Her group worked out many components of the Toll
pathway in flies and soon became interested in
whether it was evolutionarily conserved. A
sabbatical with
Rosa Beddington in 1993 at the
National Institute for Medical Research in London
offered her an opportunity to learn mouse embryology
and explore whether Toll played a role in early
mouse development. “I really fell in love with the
mouse embryo because Rosa Beddington was not afraid
to do anything with a mouse embryo,” she said.
“It became apparent
at that time that Toll had nothing to do with
patterning in early vertebrate development and
instead that there was a conserved function of Toll
but it was in immune responses,” she said.
Anderson went on to
take a genetic approach to studying innate immunity
in flies, but the story in mouse got her thinking
that “there might be things about vertebrate
development that you [can not] extrapolate from fly
development.”
She became convinced
that a phenotype based screen could be carried out
in the early mouse embryo. “It seemed like you
should be able to induce mutations at a high enough
frequency that you would hit genes of interest
without screening thousands of mice, and the genomic
infrastructure was there ... to map them and
ultimately identify the gene responsible.”
The second big
highlight of Anderson's career came when her
graduate student
Andrew Kasarskis discovered a clear
mutant in Mendelian ratios after screening only his
fourth or fifth mouse litter. What she saw through
the microscope “made it clear that this was going to
work and that the phenotypes were going to be
interesting,” she said.
In that first small
screen they identified an allele of Smoothened—which
had not been previously cloned. They also identified
an allele of Rab23—a negative regulator of the
Sonic hedgehog pathway—which led to many
discoveries of processes required for vertebrate
hedgehog signaling that are not required in flies.
“The theme of modern
developmental biology has been about conservation,”
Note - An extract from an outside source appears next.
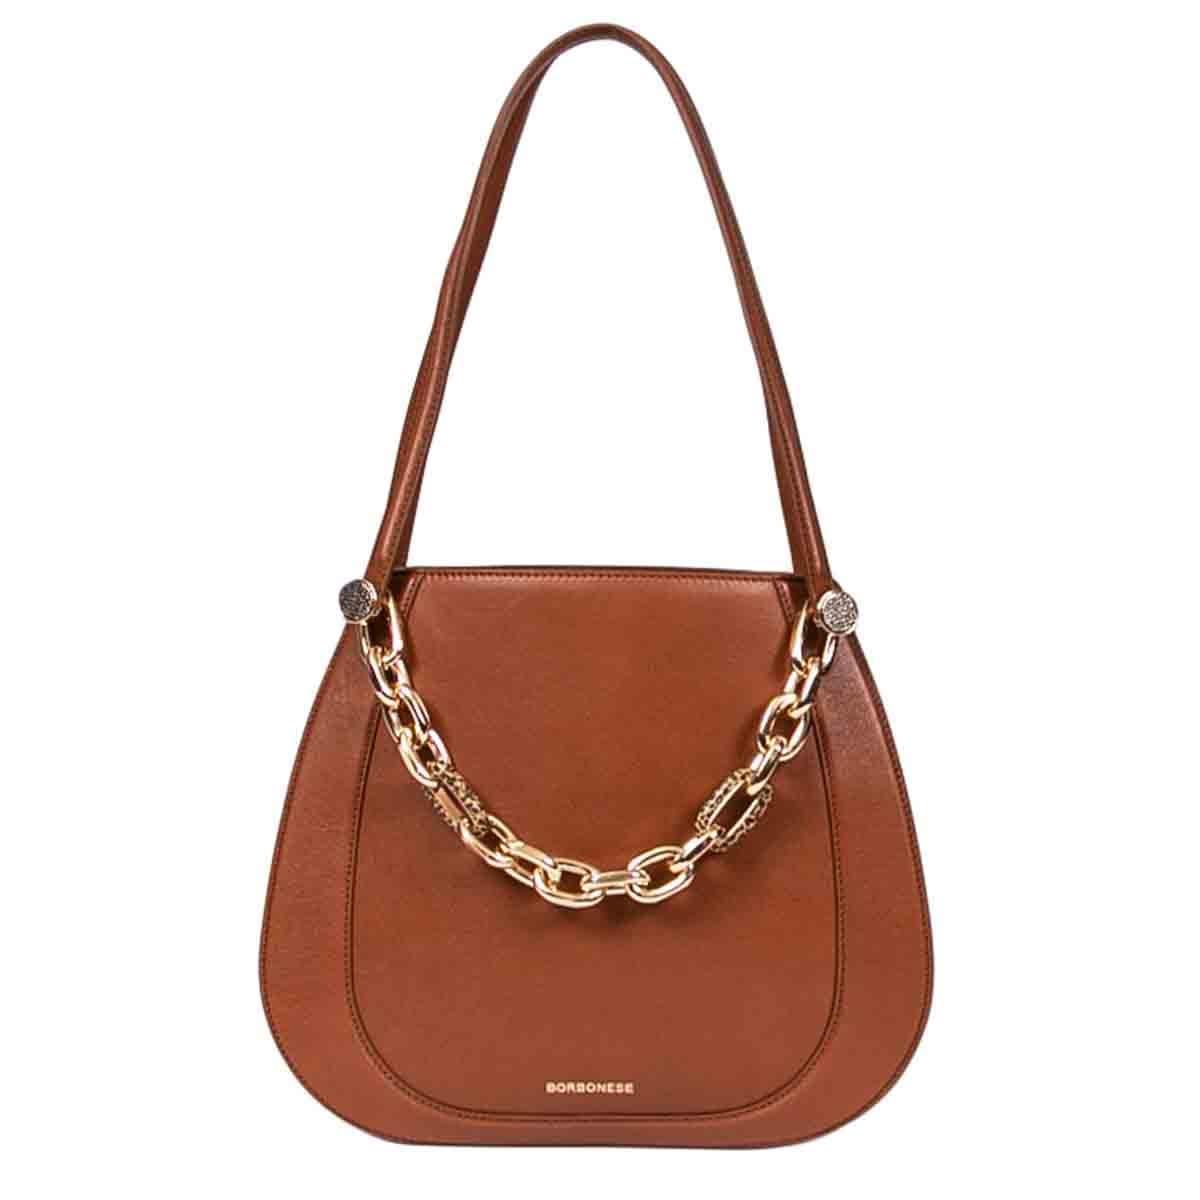 Medium Arquette Shopping Bag

Anderson said. “But, the theme of my career has been
about divergence.”
In 1996, Anderson
moved her lab to the Sloan-Kettering Institute where
she currently chairs the Developmental Biology
Program. She mentors students, postdocs, and young
faculty. Her idea of mentoring is “working together
with someone toward a common goal.”
She explained, “I
give people a lot of freedom, ... but I'm always
there to help if they need it.”
Anderson is a fellow
of the American Association for the Advancement of
Science and the American Academy of Arts and
Sciences. She is a member of the National Academy of
Sciences, as well as a former President of the
Society for Developmental Biology (1998-1999).
The FASEB Excellence
in Science award includes an unrestricted research
grant of $10,000. Anderson will deliver her awards
lecture at the 2014 SDB Annual Meeting (July 17-21),
at the University of Washington, Seattle.